We also encountered the following geometric interpretation of Ridge Regression:

Figure 18.1: Illustration of Ridge Regression

Geometrically, we see that ridge coefficients may be set close to zero, but never exactly equal to zero.

You may ask why we want some coefficients to be equal to zero. To answer this question, let us return to our general model:

\[ Y = \beta_0 + \beta_1 X_1 + \beta_2 X_2 + \dots + \beta_p X_p \tag{18.2} \]

where \(Y\) denotes our response variable and \(X_1, \dots, X_p\) denote the predictors. If it truly were the case that \(\beta_i = 0\), the entire variable \(X_i\) is actually irrelevant and can be omitted our model completely. As such, if we can find an estimation technique that sets the coefficients of “unnecessary” variables equal to 0, we can use this technique to shrink the space of input variables.

So, we’ve now seen why we want some coefficients to be set equal to 0, and we’ve seen that Ridge Regression doesn’t actually do this.
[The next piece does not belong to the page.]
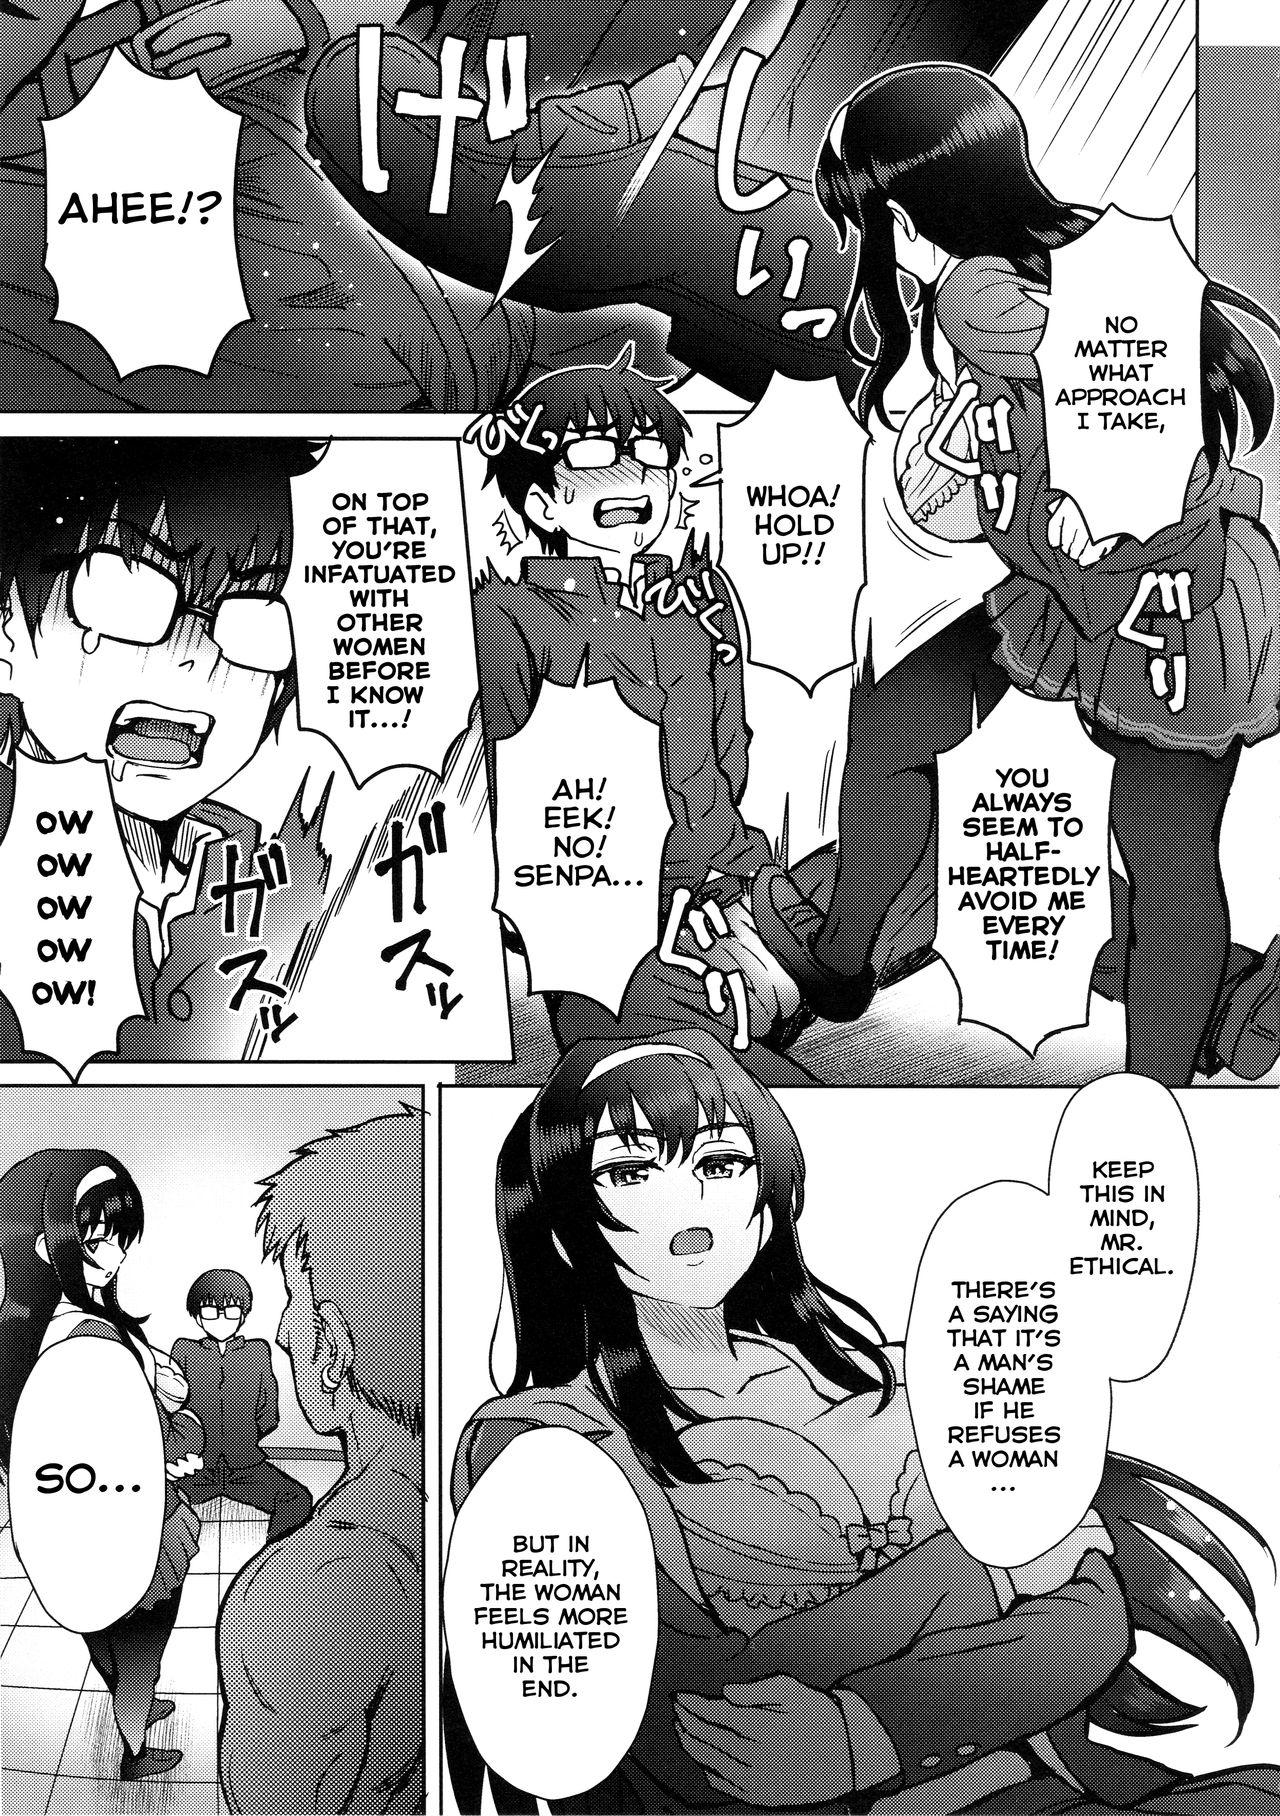 Piercing Niekiranai Yuujuufudan na Docchitsukazu no Chicken Yarou e no Misetsukekata - Saenai heroine no sodatekata Dorm - Page 4

As such, we posit a new estimation technique: the Least Absolute Shrinkage and Selection Operator (it even has the word “Selection” in its name!), or LASSO for short.

18.1 Mathematical Setup

We begin, as we did in Ridge Regression, with a constrained minimization problem:

\[ \min_{\mathbf{b} \in \mathbb{R}^{p}} \left\{ \frac{1}{n} \left\| \mathbf{y} - \mathbf{Xb} \right\|_2^2 \right\} \hspace{5mm} \text{subject to} \hspace{5mm} \text{norm}\left( \mathbf{b} \right) < c \tag{18.3} \]

Now, instead of using the \(\ell_2\) norm for our constraint, we’ll actually use an \(\ell_1\) norm:

\[ \min_{\mathbf{b} \in \mathbb{R}^{p}} \left\{ \frac{1}{n} \left\| \mathbf{y} - \mathbf{Xb} \right\|_2^2 \right\} \hspace{5mm} \text{subject to} \hspace{5mm} \left\| \mathbf{b} \right\|_1 \leq c \tag{18.4} \]
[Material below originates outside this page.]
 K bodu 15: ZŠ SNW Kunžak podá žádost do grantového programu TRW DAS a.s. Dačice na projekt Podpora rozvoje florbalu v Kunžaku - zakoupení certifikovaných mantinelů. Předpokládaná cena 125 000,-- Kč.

In case you’re not familiar with the \(\ell_1\) norm, what we mean by this constraint is

\[ \left\| \mathbf{b} \right\|_1 \leq c \iff \sum_{j=1}^{p} | b_j| \leq c \tag{18.5} \]

It can be shown that the minimization in equation (1) is exactly equivalent to

\[ \min_{\mathbf{b}} \left\{ \frac{1}{n} \left( \mathbf{y} - \mathbf{Xb} \right)^\mathsf{T} \left( \mathbf{y} - \mathbf{Xb} \right) + \lambda \sum_{j=1}^{p} |b_j| \right\} \tag{18.6} \]

18.1.1 Closed Form?

Recall that the vector of Ridge Regression coefficients had a simple closed-form solution:

\[ \mathbf{b}_{RR} = \left( \mathbf{X^\mathsf{T} X} + \lambda \mathbf{I} \right)^{-1} \mathbf{X^\mathsf{T} y} \tag{18.7} \]

One might ask: do we have a closed-form solution for the LASSO? Unfortunately, the answer is, in general, no. Even without extensive mathematical background, you might be able to see why this is: minimization problems involve differentiation; the LASSO involves an absolute value; differentiation and absolute values don’t play well together.

Now, there are a few exceptions. In particular, when we have only \(p = 1\) predictors, one can actually find a piecewise-defined (but closed-form) solution to the LASSO. When the design matrix \(\mathbf{X}\) is orthonormal, it can be shown that the LASSO can be expressed as

\[ \mathrm{sgn}(b_j) \cdot \left( |b_j| - \lambda \right)_{+} \tag{18.8} \]

where \(b_j\) denotes the OLS estimate of \(b_j\), and \(x_{+}\) denotes the positive-part function (i.e. the positive part of \(x\)). However, in general, it is nearly impossible to extract a closed-form solution to the LASSO.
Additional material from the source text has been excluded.